AMGN
Japan just hit the pause button
Amgen’s Japanese partner, Kissei Pharmaceutical, says it’s started information-sharing efforts in Japan and is basically telling doctors: slow your roll on Tavneos. That means avoiding new prescriptions for now and taking a hard look at whether current patients should stay on the drug, given liver-related risks and other treatment options.
The safety cloud keeps getting darker
This isn’t coming out of nowhere. The FDA warned in March about serious and sometimes fatal liver injuries linked to Tavneos, and in April its drug review arm went a step further, proposing to withdraw approval altogether. That’s not exactly the kind of regulatory mood music investors like to hear.
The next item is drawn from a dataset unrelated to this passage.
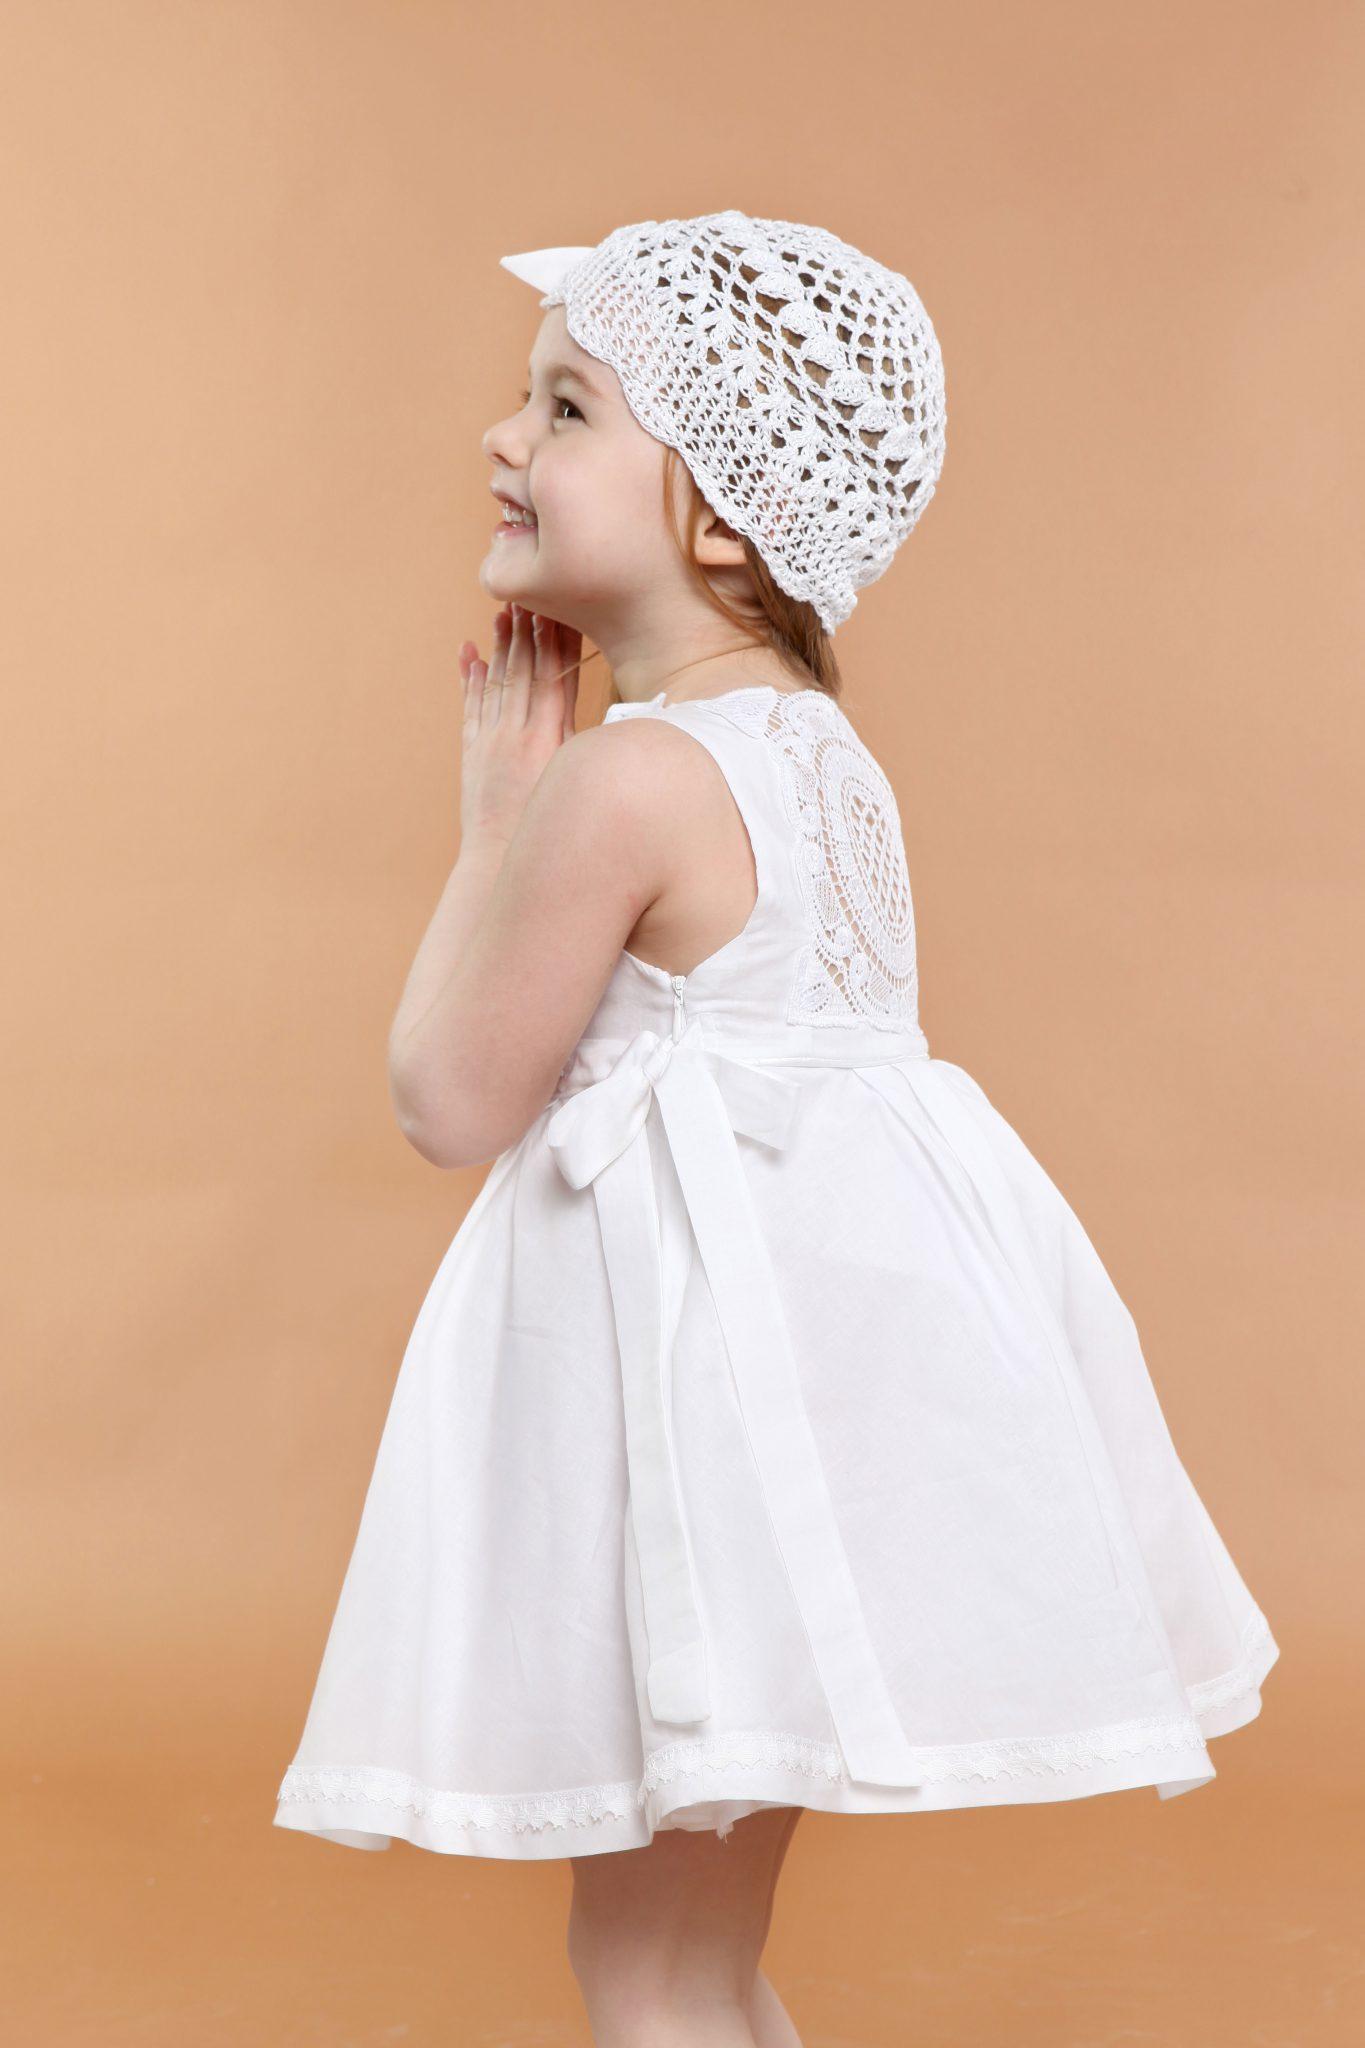 931b315a99fe Βαπτιστικά Ρούχα για Κορίτσι 117 | Γάμος & Βάπτιση στο Ηράκλειο Κρήτης
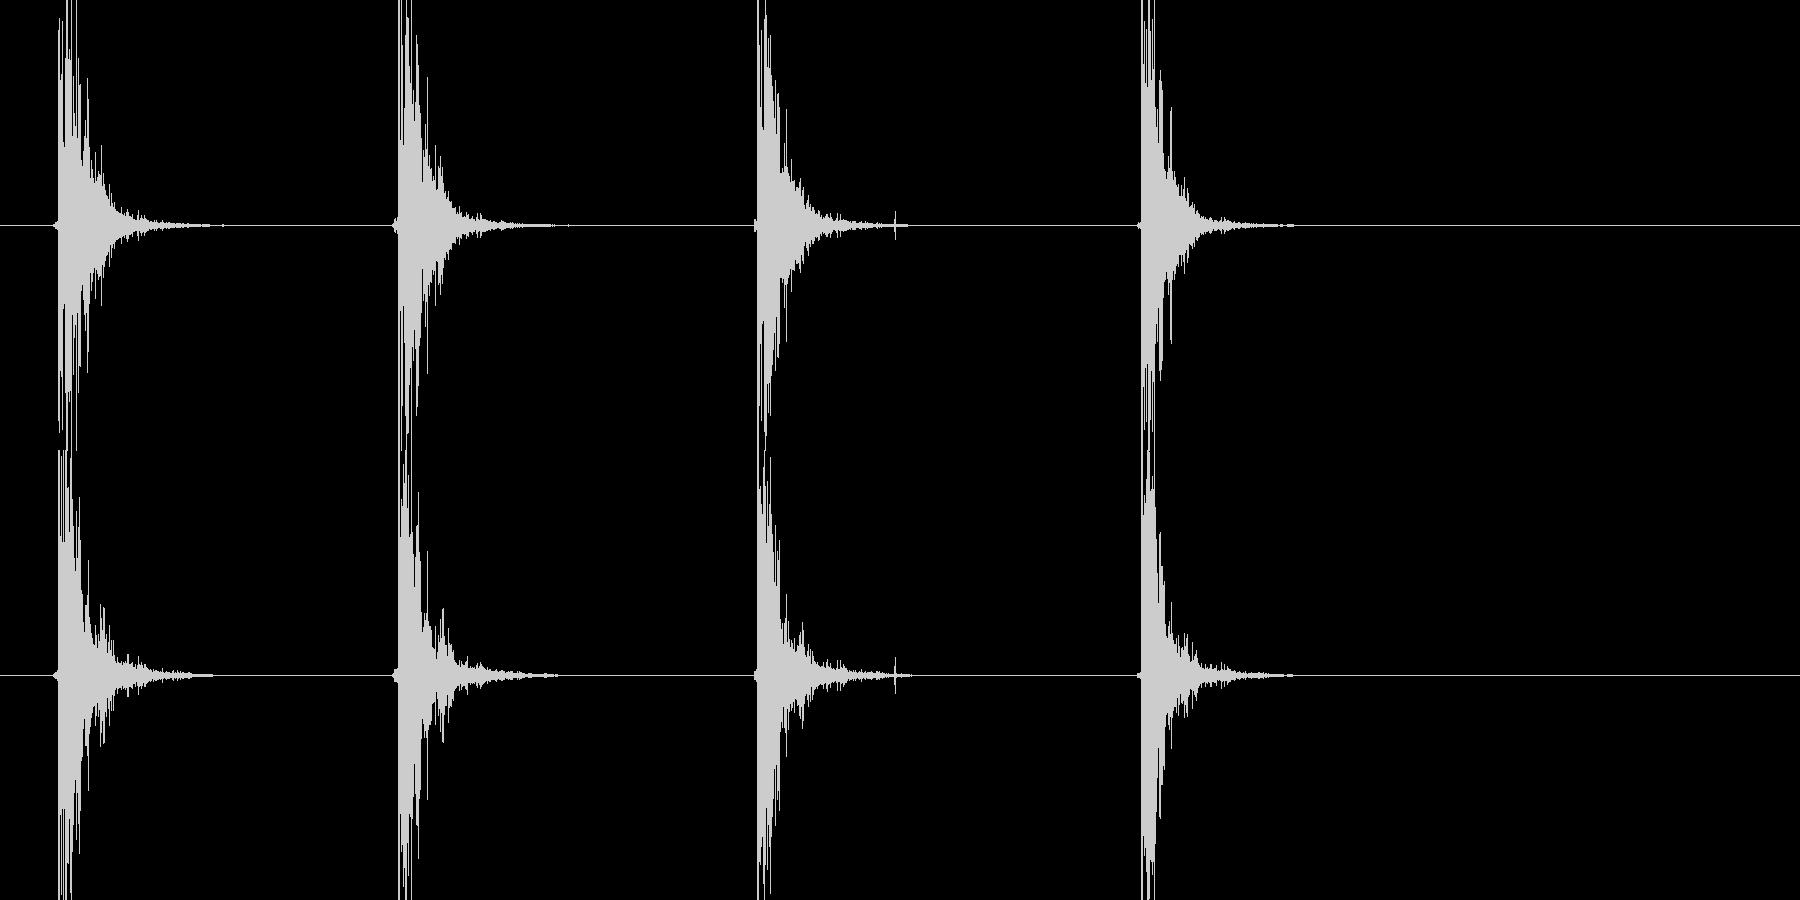 .38リボルバー:シングルショット...の未再生の波形

The agency’s concerns went beyond safety, too. It said key data behind the drug’s approval may have been manipulated in the Phase 3 ADVOCATE trial, and it flagged issues with the original application. In other words: this isn’t just a label tweak or a sternly worded note.
Why investors should care
Tavneos is still approved in Japan, but the drumbeat of caution in the U.S., Europe, and now Japan makes the commercial path look messier than a desk drawer full of charging cables.
- More scrutiny can slow uptake
- Doctors may hesitate to start new patients
- Any withdrawal or label change would raise fresh revenue and reputation risk
Big picture: when regulators start comparing notes across continents, biotech investors usually want to sit down and take a deep breath.